Clonal hematopoiesis of indeterminate potential (CHIP) is also increasingly recognized as a driver of systemic low-grade inflammation with substantial mechanistic overlap with inflammaging (36). The presence of CHIP confers a 2–4-fold increase in the incidence of coronary artery disease (37). The mutation arises from age-related somatic mutations in hematopoietic stem cells—most commonly in DNMT3A, TET2, ASXL1, and JAK2—leading to clonal expansion of mutant leukocytes (36). These mutant cells, particularly monocytes and macrophages, exhibit a pro-inflammatory phenotype, characterized by increased secretion of cytokines such as IL-1β, IL-6, and TNF-α, and activation of the NLRP3 inflammasome pathway, which is central to both CHIP-driven and age-related sterile inflammation (38, 39). Strategies under investigation to potentially mitigate its cardiovascular effects include senolytics to clear senescent cells, NLRP3 inflammasome inhibitors, modulation of the gut microbiome, and lifestyle interventions such as diet and exercise, which have demonstrated efficacy in reducing systemic inflammation and improving cardiovascular outcomes (40).

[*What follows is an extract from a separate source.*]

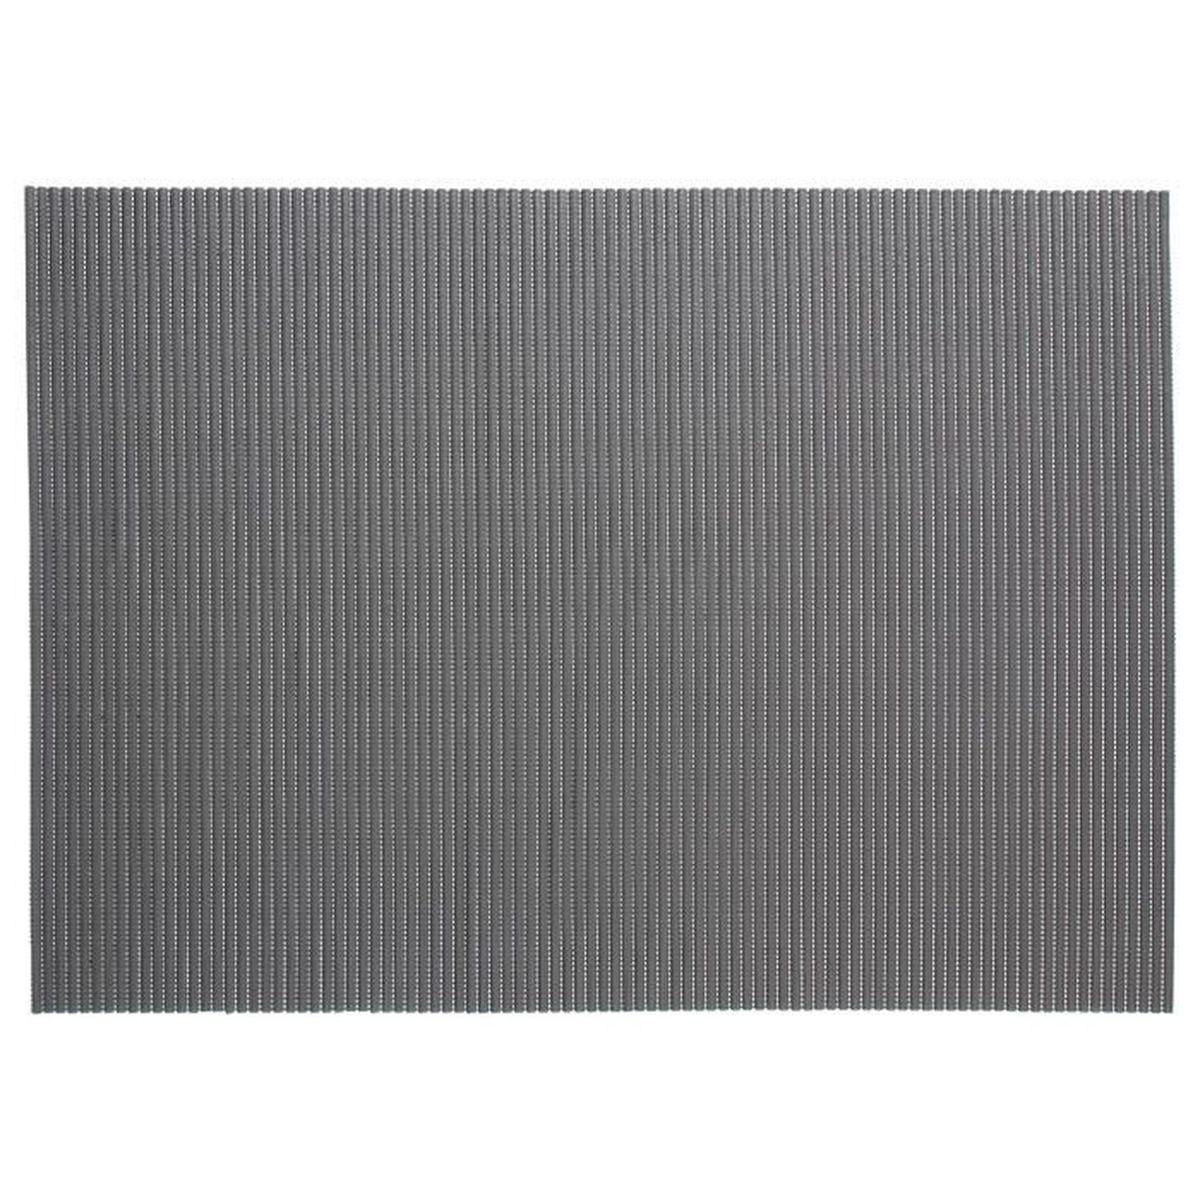 Tapis de salle de bain 65 x 90 cm gris achat for Tapis de salle de bain gris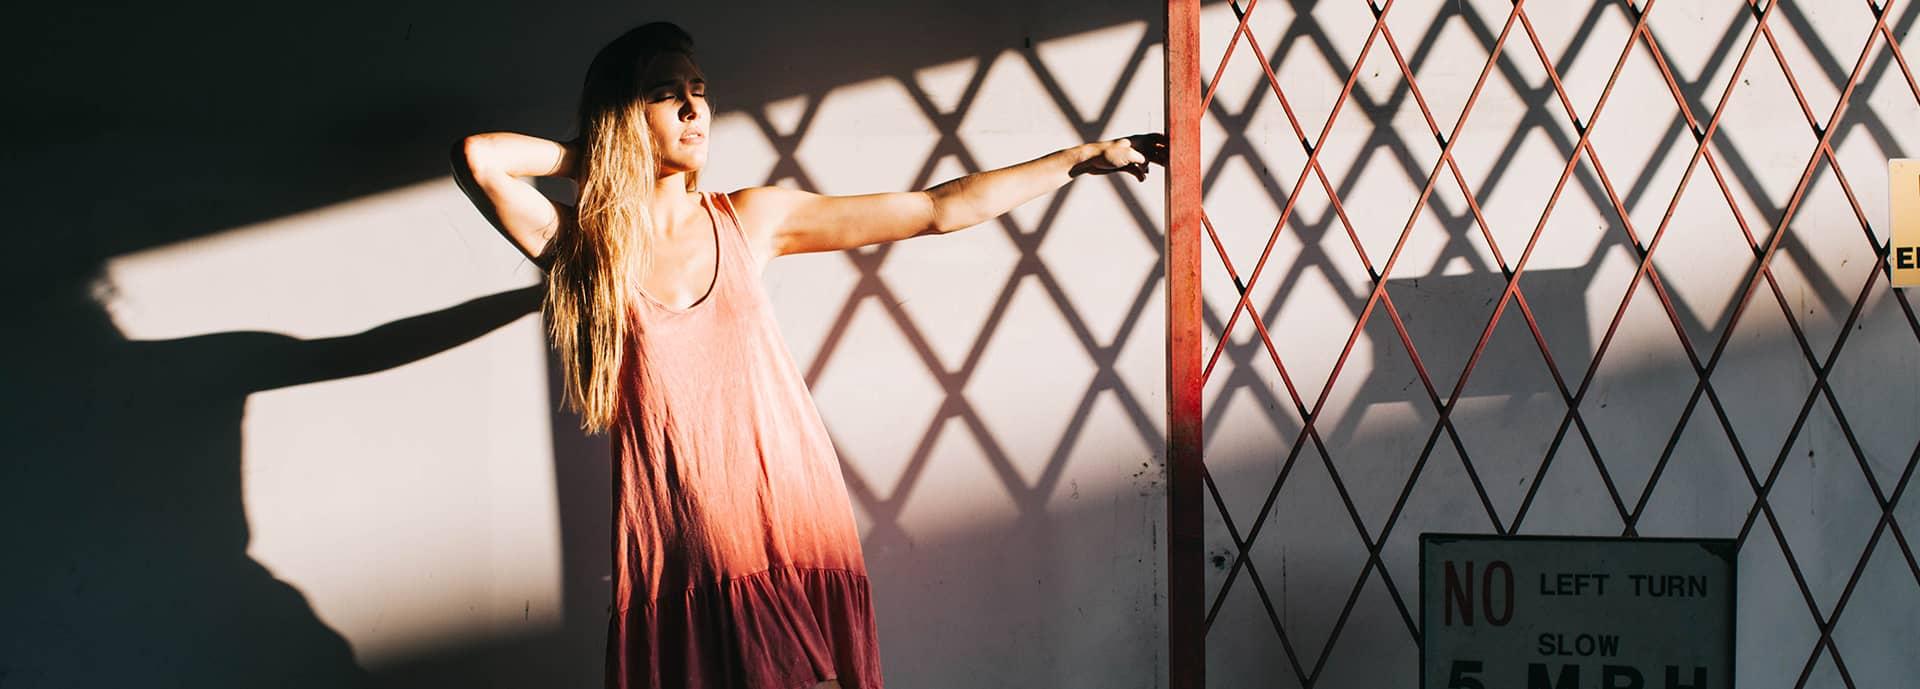 Tony Loxton Photography

The development of sophisticated imaging techniques, such as coronary computed tomography angiography (CCTA), positron emission tomography (PET), and magnetic resonance imaging (MRI), has further enhanced our ability to assess subclinical atherosclerosis and inflammation in vivo. These imaging modalities allow for the non-invasive detection and characterization of coronary artery plaque burden, composition (e.g., lipid-rich necrotic core), and inflammatory activity (e.g., 18F-FDG uptake), providing valuable information for ASCVD risk stratification and monitoring treatment response. For instance, CCTA can identify high-risk plaques with features such as low attenuation and positive remodeling, which are associated with an increased risk of future cardiovascular events (41).

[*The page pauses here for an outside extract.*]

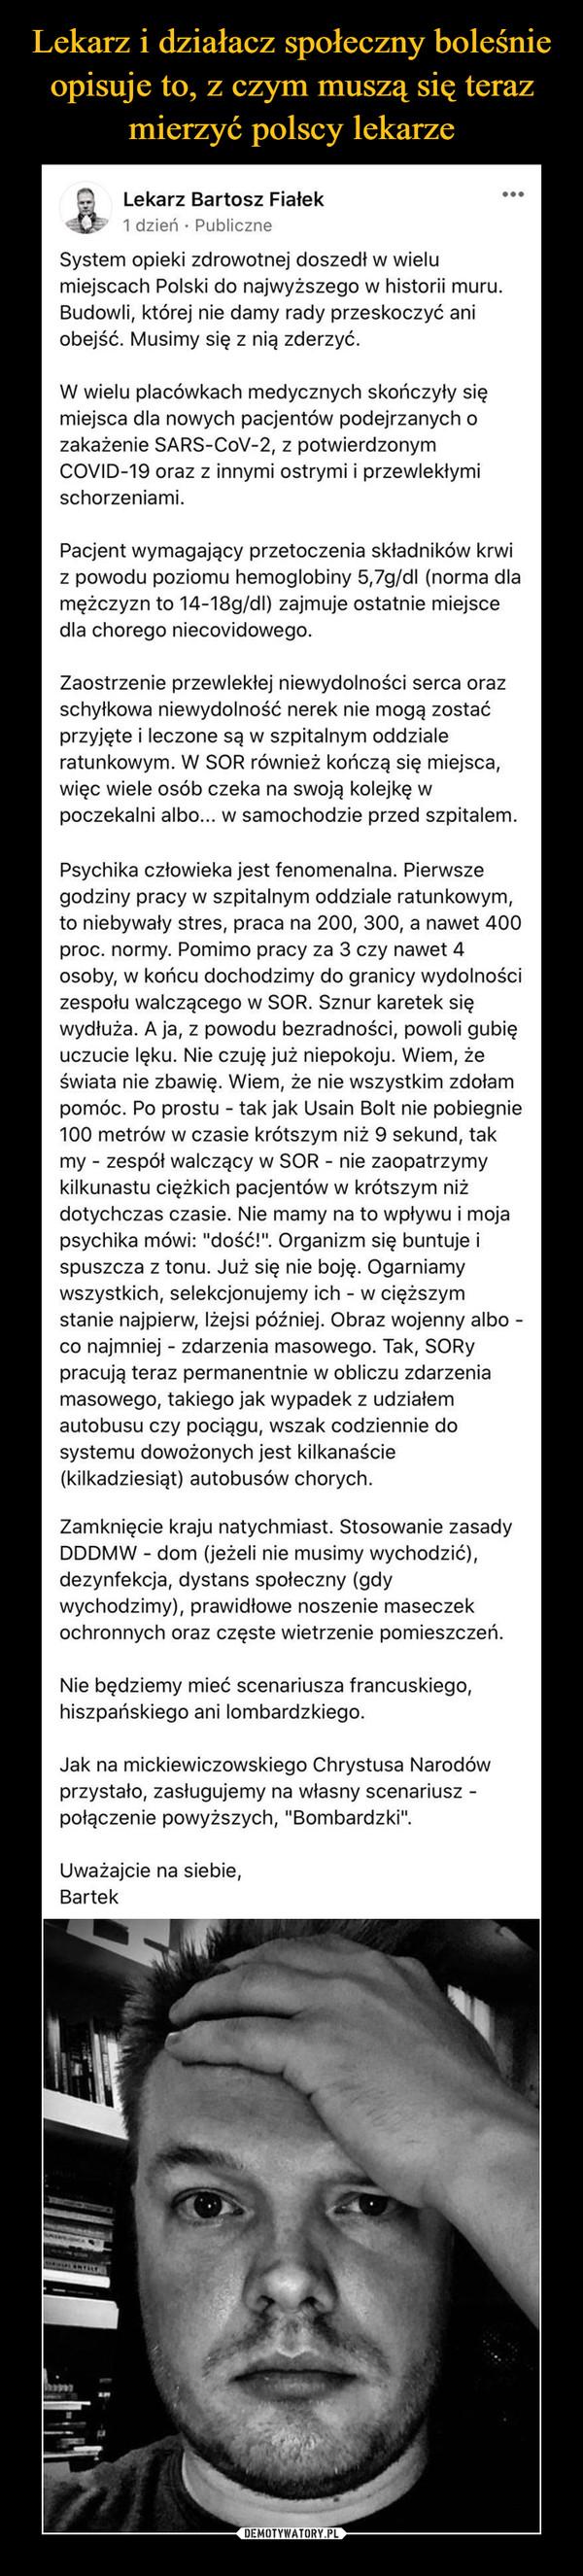 """–  Lekarz Bartosz Fiałek...1 dzień · PubliczneSystem opieki zdrowotnej doszedł w wielumiejscach Polski do najwyższego w historii muru.Budowli, której nie damy rady przeskoczyć aniobejść. Musimy się z nią zderzyć.W wielu placówkach medycznych skończyły sięmiejsca dla nowych pacjentów podejrzanych ozakażenie SARS-COV-2, z potwierdzonymCOVID-19 oraz z innymi ostrymi i przewlekłymischorzeniami.Pacjent wymagający przetoczenia składników krwiz powodu poziomu hemoglobiny 5,7g/dl (norma dlamężczyzn to 14-18g/dl) zajmuje ostatnie miejscedla chorego niecovidowego.Zaostrzenie przewlekłej niewydolności serca orazschyłkowa niewydolność nerek nie mogą zostaćprzyjęte i leczone są w szpitalnym oddzialeratunkowym. W SOR również kończą się miejsca,więc wiele osób czeka na swoją kolejkę wpoczekalni albo... w samochodzie przed szpitalem.Psychika człowieka jest fenomenalna. Pierwszegodziny pracy w szpitalnym oddziale ratunkowym,to niebywały stres, praca na 200, 300, a nawet 400proc. normy. Pomimo pracy za 3 czy nawet 4osoby, w końcu dochodzimy do granicy wydolnościzespołu walczącego w SOR. Sznur karetek sięwydłuża. A ja, z powodu bezradności, powoli gubięuczucie lęku. Nie czuję już niepokoju. Wiem, żeświata nie zbawię. Wiem, że nie wszystkim zdołampomóc. Po prostu - tak jak Usain Bolt nie pobiegnie100 metrów w czasie krótszym niż 9 sekund, takmy - zespół walczący w SOR - nie zaopatrzymykilkunastu ciężkich pacjentów w krótszym niżdotychczas czasie. Nie mamy na to wpływu i mojapsychika mówi: """"dość!"""". Organizm się buntuje ispuszcza z tonu. Już się nie boję. Ogarniamywszystkich, selekcjonujemy ich - w cięższymstanie najpierw, Iżejsi później. Obraz wojenny albo -co najmniej - zdarzenia masowego. Tak, SORYpracują teraz permanentnie w obliczu zdarzeniamasowego, takiego jak wypadek z udziałemautobusu czy pociągu, wszak codziennie dosystemu dowożonych jest kilkanaście(kilkadziesiąt) autobusów chorych.Zamknięcie kraju natychmiast. Stosowanie zasadyDDDMW - dom (jeżeli nie musimy wychodzić),dezynfe"""

Primary prevention cardiovascular risk stratification tools

Traditional risk assessment models

Traditional ASCVD risk assessment models, such as the Framingham Risk Score, the Pooled Cohort Equations, the Predicting Risk of Cardiovascular Disease Events (PREVENT) and the European SCORE system, are widely used in clinical practice to estimate the 10-year risk of cardiovascular events in asymptomatic individuals (42). These models primarily rely on conventional risk factors such as age, sex, blood pressure, total cholesterol, HDL cholesterol, smoking status, and diabetes. While these tools are valuable for identifying individuals at high risk of ASCVD in the general population, they often underestimate risk in patients with inflammatory-driven conditions, leading to delayed or inadequate preventive interventions (24).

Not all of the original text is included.